Why Europe shouldn’t just copy the US stablecoin model

European Central Bank (ECB) President Christine Lagarde has spoken out against the need for private issuance of euro-pegged stablecoins, even in the face of a market 98% dominated by dollar-pegged tokens.

Despite the rapid global adoption of USD stablecoins, Largarde argued that Europe should focus on building a token settlement infrastructure anchored in central bank currency rather than simply replicating the U.S. stablecoin model in a speech Friday at the Bank of Spain’s Latin American Economic Forum in Madrid.

“The case for promoting euro-denominated stablecoins is much weaker than it seems,” Lagarde said, arguing that the technological case for stablecoins can be replicated by central bank infrastructure, while their monetary function introduces unacceptable risks to financial stability.

The comments come as Qivalis, a consortium of 12 of Europe’s largest banks including ING, BBVA, BNP Paribas, Danske Bank and UniCredit, announced plans to launch a privately issued digital euro, not a CBDC, later this year, on the same premise that Europe faces dollarization risks.

“If we don’t have an on-chain euro with significant liquidity, then the only alternative is the US dollar,” Jan-Oliver Sell, CEO of Qivalis, told CoinDesk. “This represents a real risk for Europe’s financial and digital sovereignty.”

Lagarde reiterated her warnings that stablecoins could create risks to financial stability during times of market stress. She referenced the collapse of Silicon Valley Bank in March 2023, when Circle revealed that $3.3 billion of its USDC reserves were in the bank, causing its stablecoin to briefly unpeg.

“On a large scale, such dynamics can transmit stress to underlying asset markets. The promise of redemption at par depends on market confidence itself which can disappear when financial stability deteriorates – and a massive redemption can accelerate this deterioration,” she said on Friday.

“As stablecoin usage increases, so does the potential for feedback loops between redemptions and asset markets, particularly where issuers are not banks.”

The growing global dominance of US dollar-pegged stablecoins issued by Tether and Circle poses risks to the European financial system, Lagarde said on Friday.

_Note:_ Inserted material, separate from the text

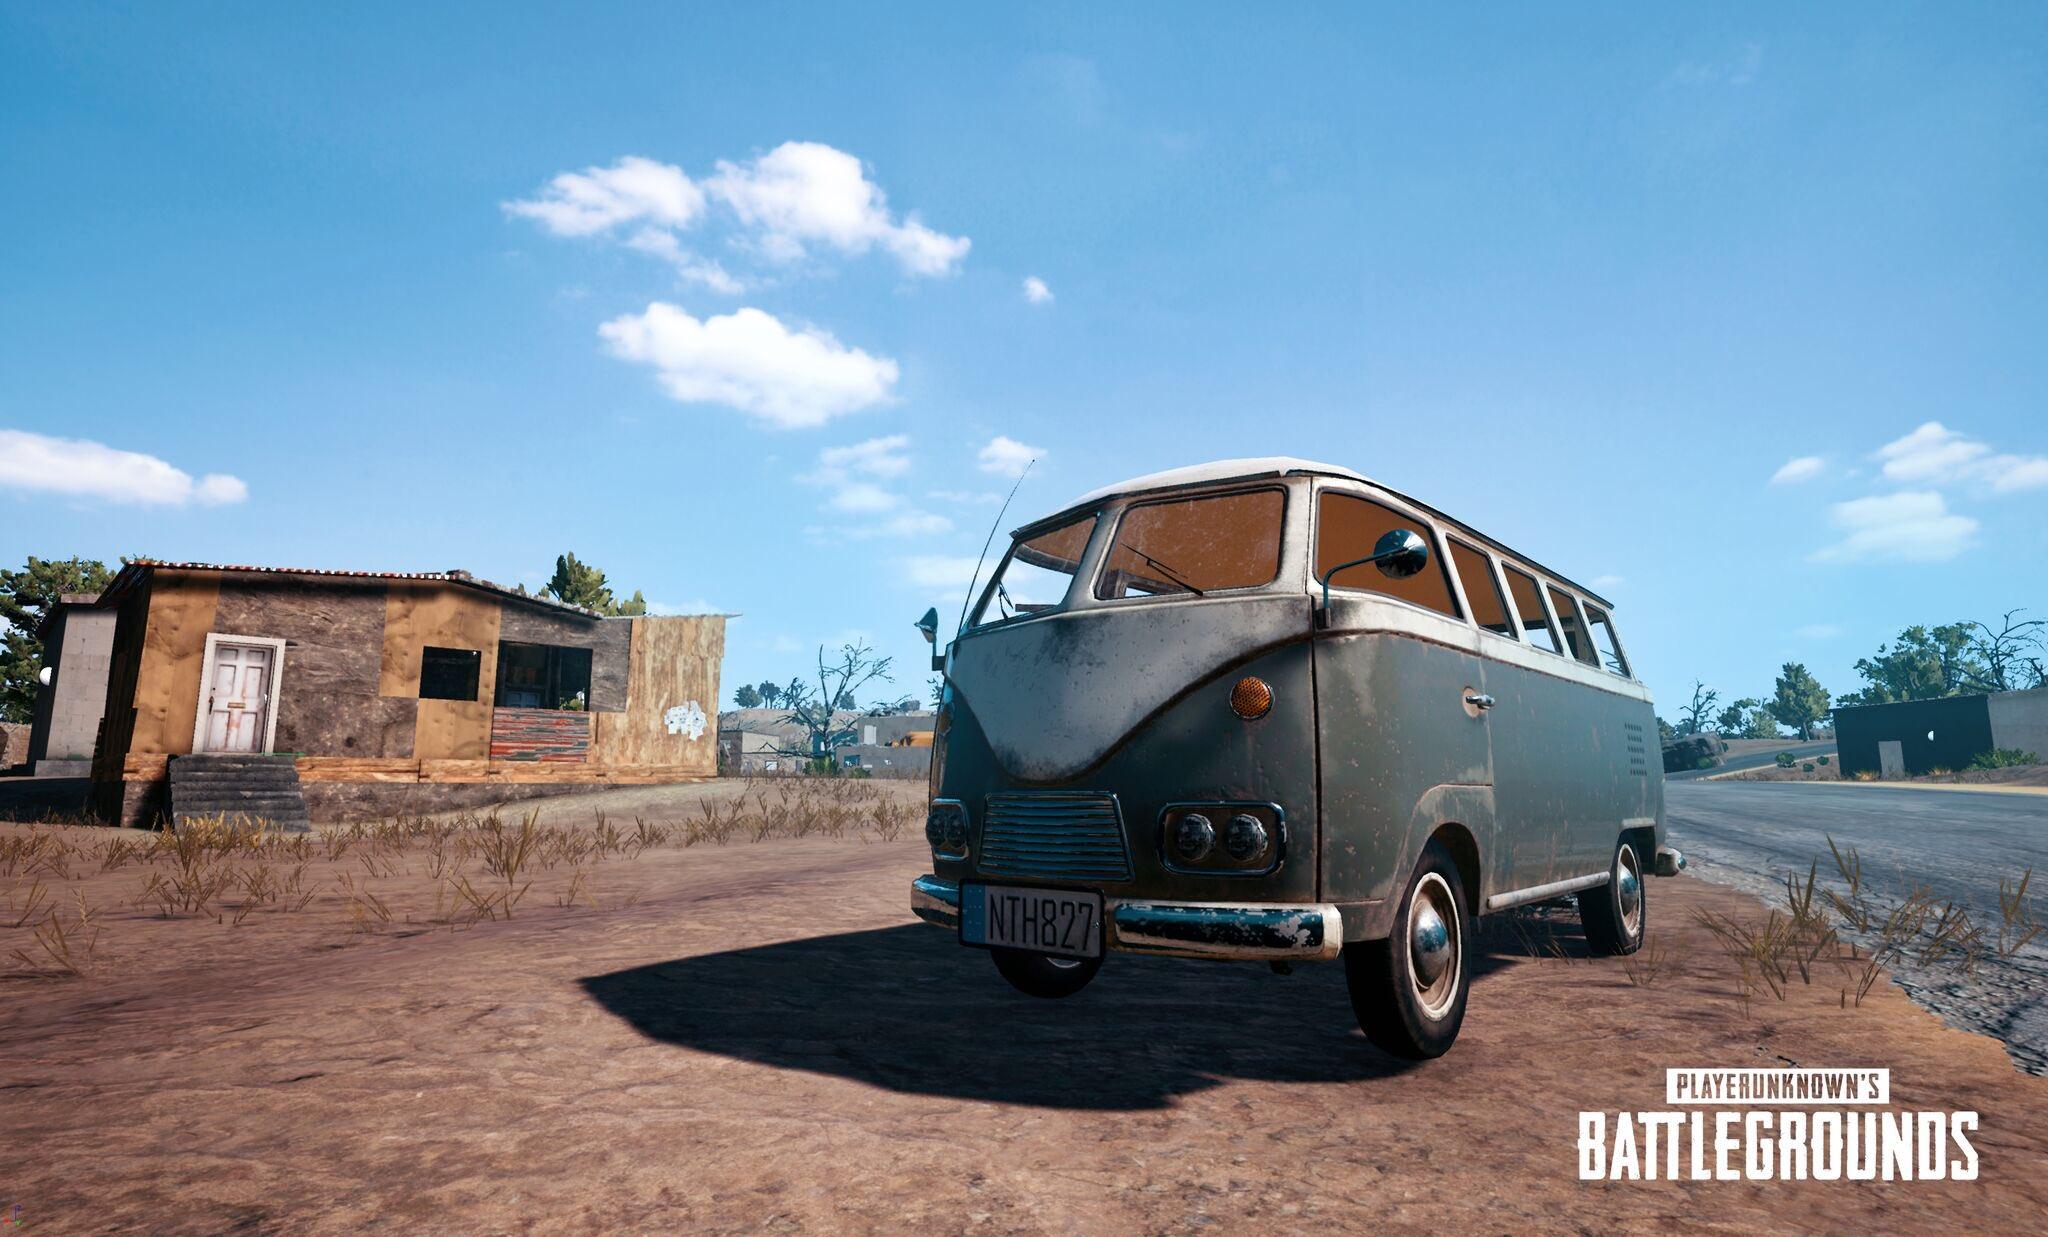 【PUBG】新しい車両はバス!?現在制作中の新車両のデザインが公開

Lagarde noted that circulation in six years increased from $10 billion to $310 billion. However, she expressed concern that almost 90% of the market is controlled by two issuers – Tether. and USDC Circle).

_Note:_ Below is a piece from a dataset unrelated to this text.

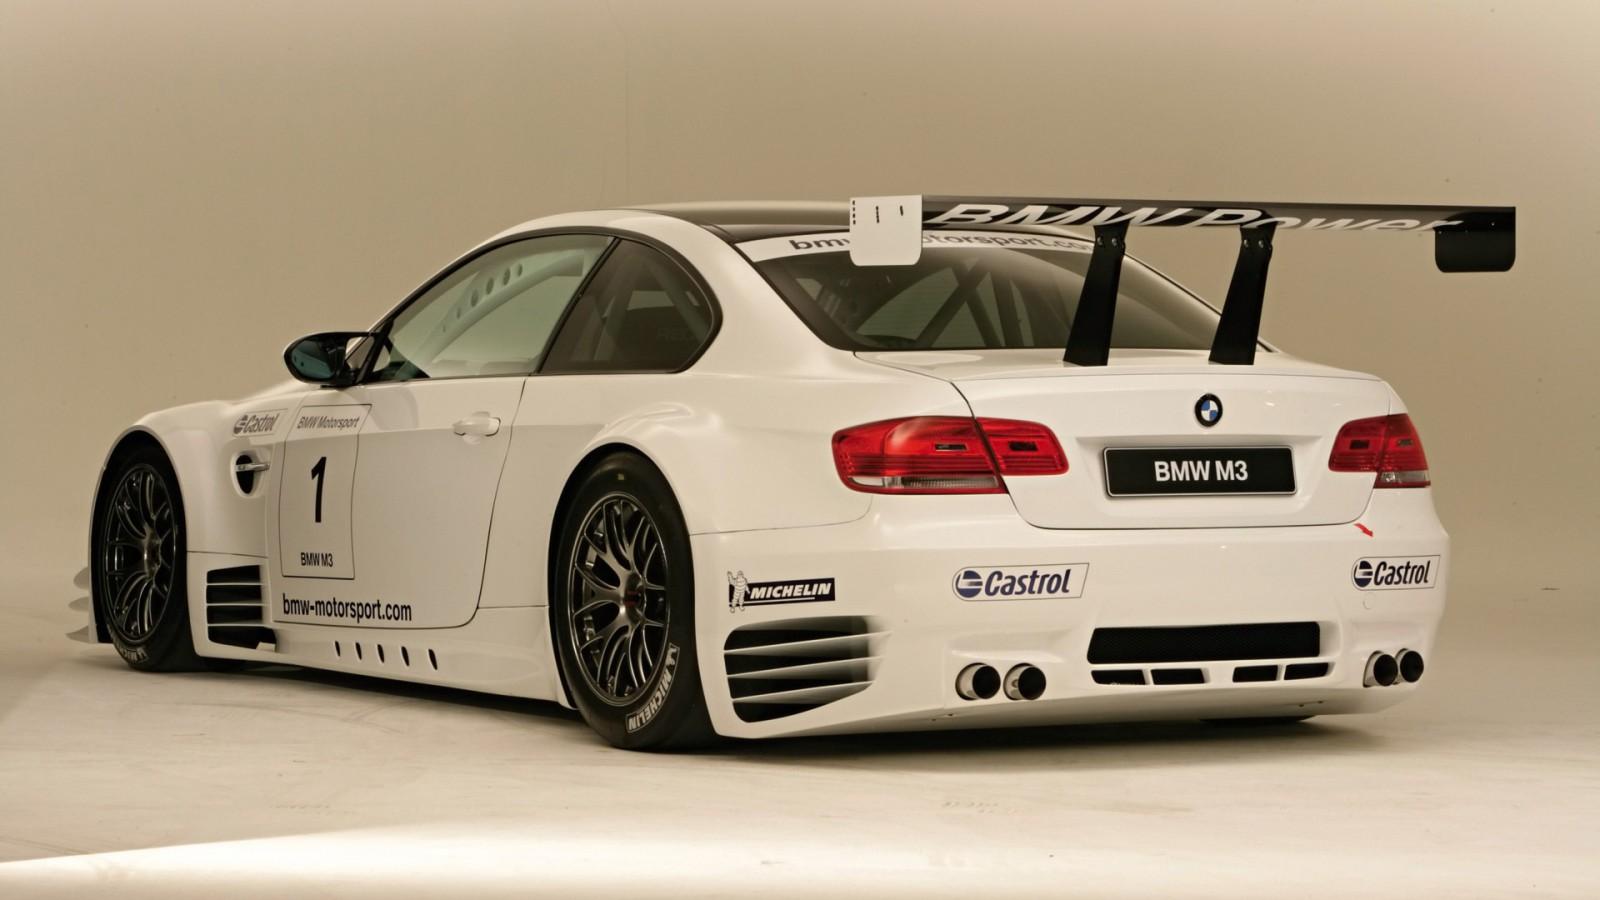 BMW-M3-race-car
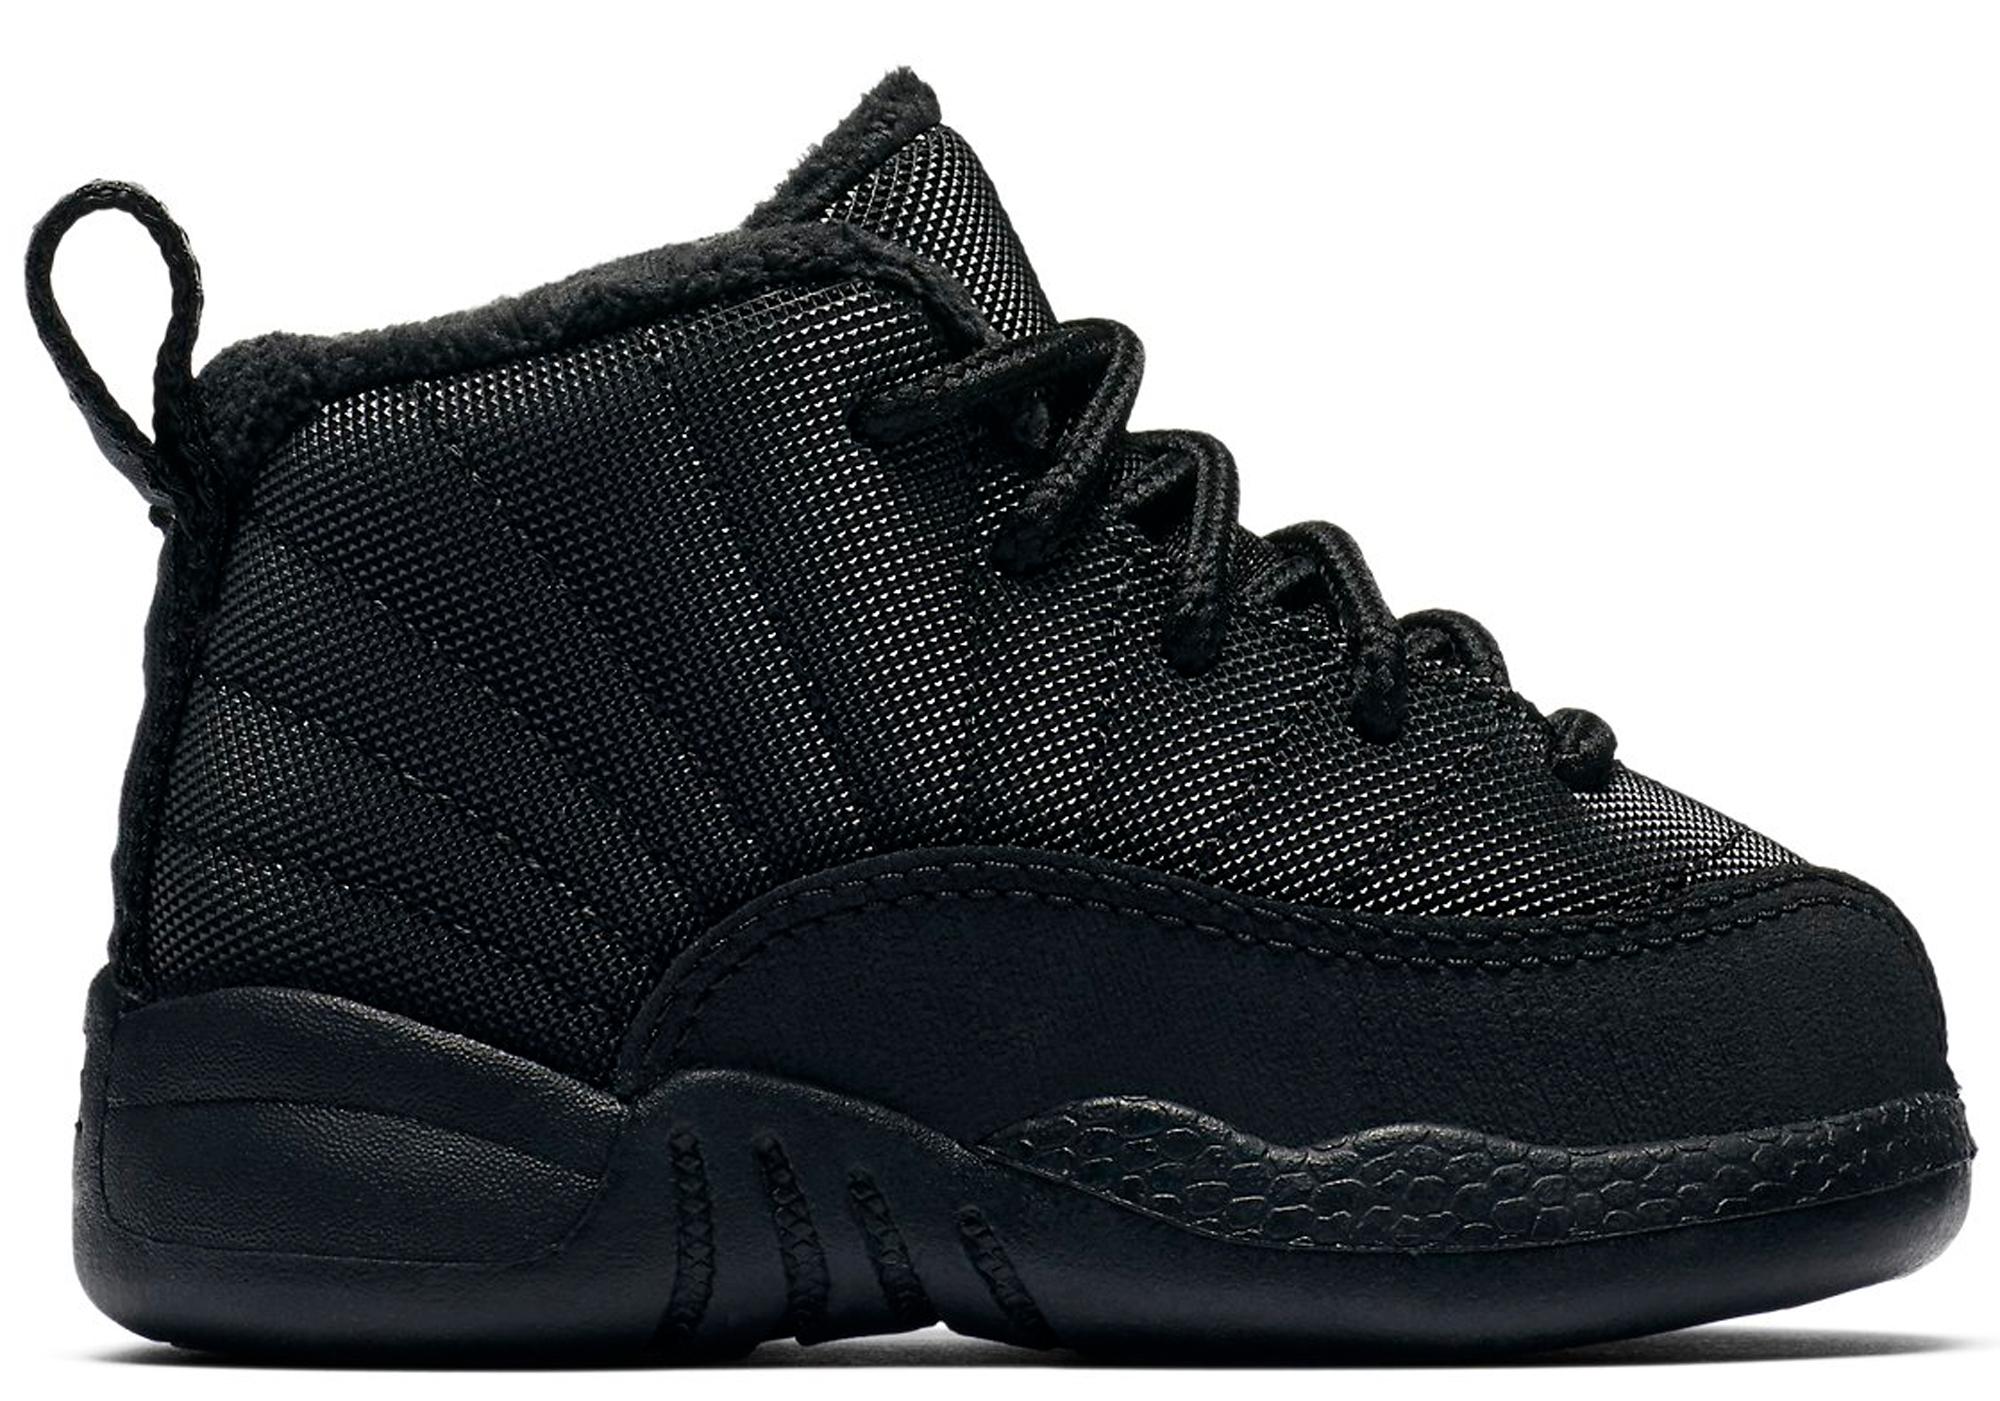 Jordan 12 Retro Winter Black (TD)

She said that in Europe, debate is intensifying over the urgent need for the bloc to remain relevant.

“Europe must respond by promoting its own euro-denominated stablecoins,” she said. “Otherwise, it will face a future of digital dollarization and a loss of monetary sovereignty.” Lagarde calls on EU countries to support the development of a CBDC. “We need to build the public infrastructure that will allow alternative instruments, such as stablecoins and other forms of tokenized money, to operate within a framework anchored by central bank money,” she said.

Late last year, Lagarde announced the ECB’s plans for a “digital euro by 2029, assuming that European co-legislators adopt the necessary regulations by 2026”, adding that preparatory steps, including pilot exercises and initial transactions, could begin as early as mid-2027.